In two ongoing projects we've cut inference costs by 60 to 80 percent this way, without fundamentally changing the architecture. Context caching is one of the underrated levers of the year.

The Decision Matrix

When do you reach for what? The rule of thumb we use internally:

Long context, when: The relevant corpus is small and stable, every request potentially needs access to all of it, and latency is acceptable. Example: a 50-page whitepaper a bot answers questions about.

RAG, when: The corpus is too large, changes frequently, or only a small, dynamically chosen part is relevant per request. Example: an internal knowledge hub with tens of thousands of documents.

Fine-tuning, when: It's not about factual knowledge but about style, format or behaviour.
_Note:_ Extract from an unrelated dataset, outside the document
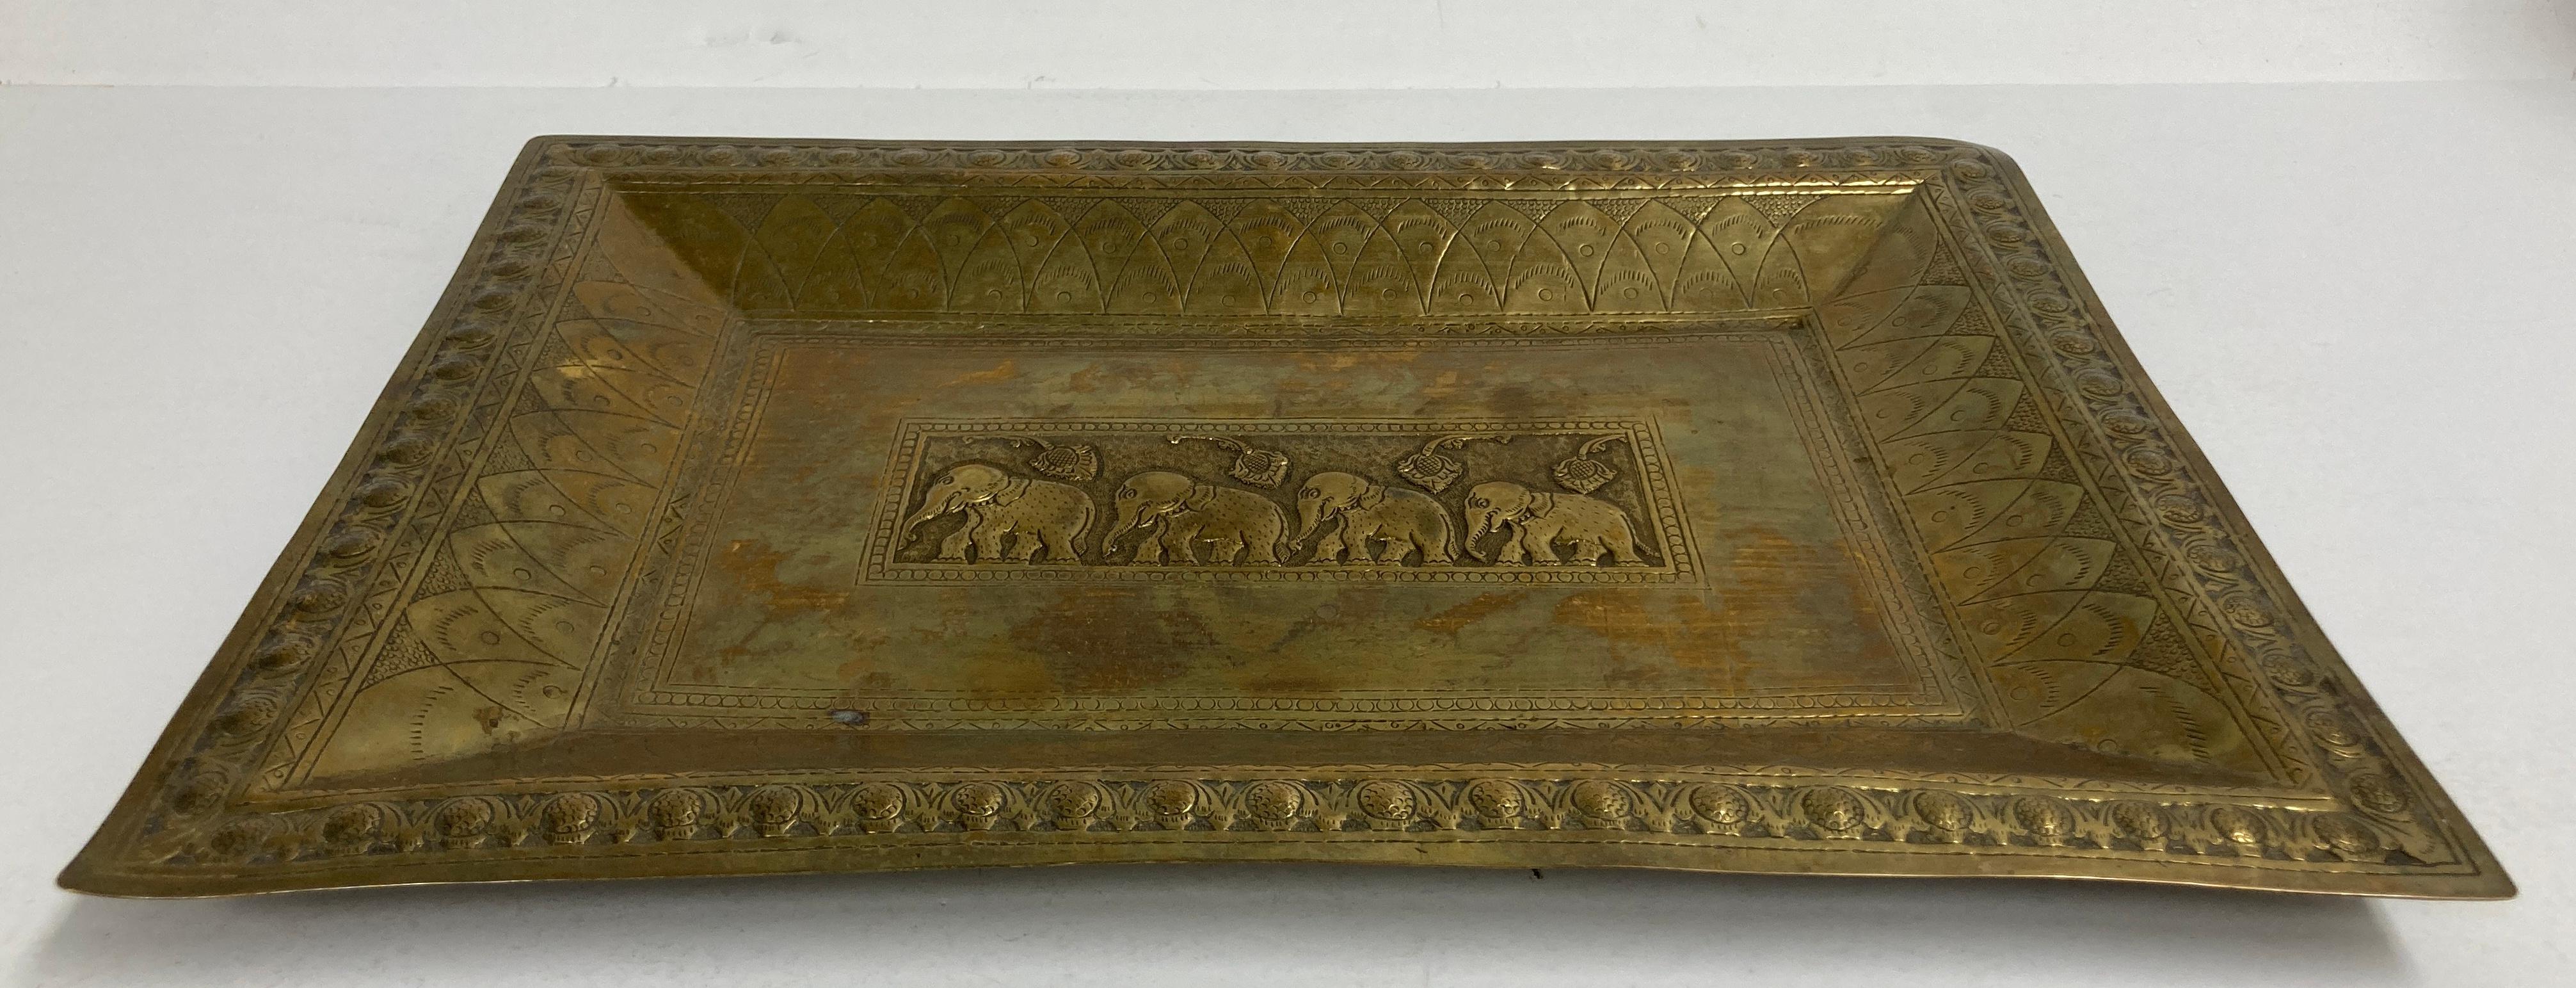 20th Century Vintage Brass Tray Indian Mughal Elephants Motif Engraved Serving Platter For Sale

Fine-tuning is surprisingly bad at teaching new facts and surprisingly good at making a model write consistently in a particular tone.
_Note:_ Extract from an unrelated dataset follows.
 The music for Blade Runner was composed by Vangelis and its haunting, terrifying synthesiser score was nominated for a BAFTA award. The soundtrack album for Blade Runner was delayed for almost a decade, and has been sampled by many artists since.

Most real systems combine two or three of these. Pure RAG systems or pure long-context systems are the exception.

Common Mistakes

Vector database worship: The choice of vector DB is almost never the bottleneck. Pinecone vs. Weaviate vs. Postgres with pgvector – it makes practically no difference to answer quality. What matters is the retrieval logic on top.

Chasing better embeddings: A new embedding model might bring two to five percent on benchmarks. Hierarchical retrieval, a reranker or a second search step often bring ten times that.

Eval as an afterthought: Without an evaluation set against real questions, every optimisation is gut feeling. A hundred hand-curated question-answer pairs from the actual use case are worth more than any synthetic benchmark.

Chunking over-optimisation: Hours spent tuning the perfect chunk size buy you less than half a day spent on a better index structure. Chunks are an implementation detail, not an architectural foundation.

At nh labs

We essentially never build RAG systems as a pure top-k vector setup any more. The default stack is hierarchical retrieval with hybrid search, a reranker, an agentic loop for more complex queries, and context caching for the parts of the corpus that don't change often. That sounds more complex than it is – most of these components are off-the-shelf libraries or managed services today.

More important than the stack is discipline around evaluation. Without a set of real questions to measure every change against, you build in the dark. With eval in place, iteration is fast and improvements are measurable.

Conclusion

RAG isn't dead, but the 2023 recipe is. Long context windows have expanded the toolbox, not replaced it. If you're building today, start with hierarchical retrieval, hybrid search and a reranker – and treat long context as a targeted complement, not a replacement. The systems that work well in production in 2026 aren't the ones with the largest context window or the most expensive embedding model. They're the ones with the most thought-through retrieval logic and an honest evaluation harness. You needed both two years ago too – it just matters more now.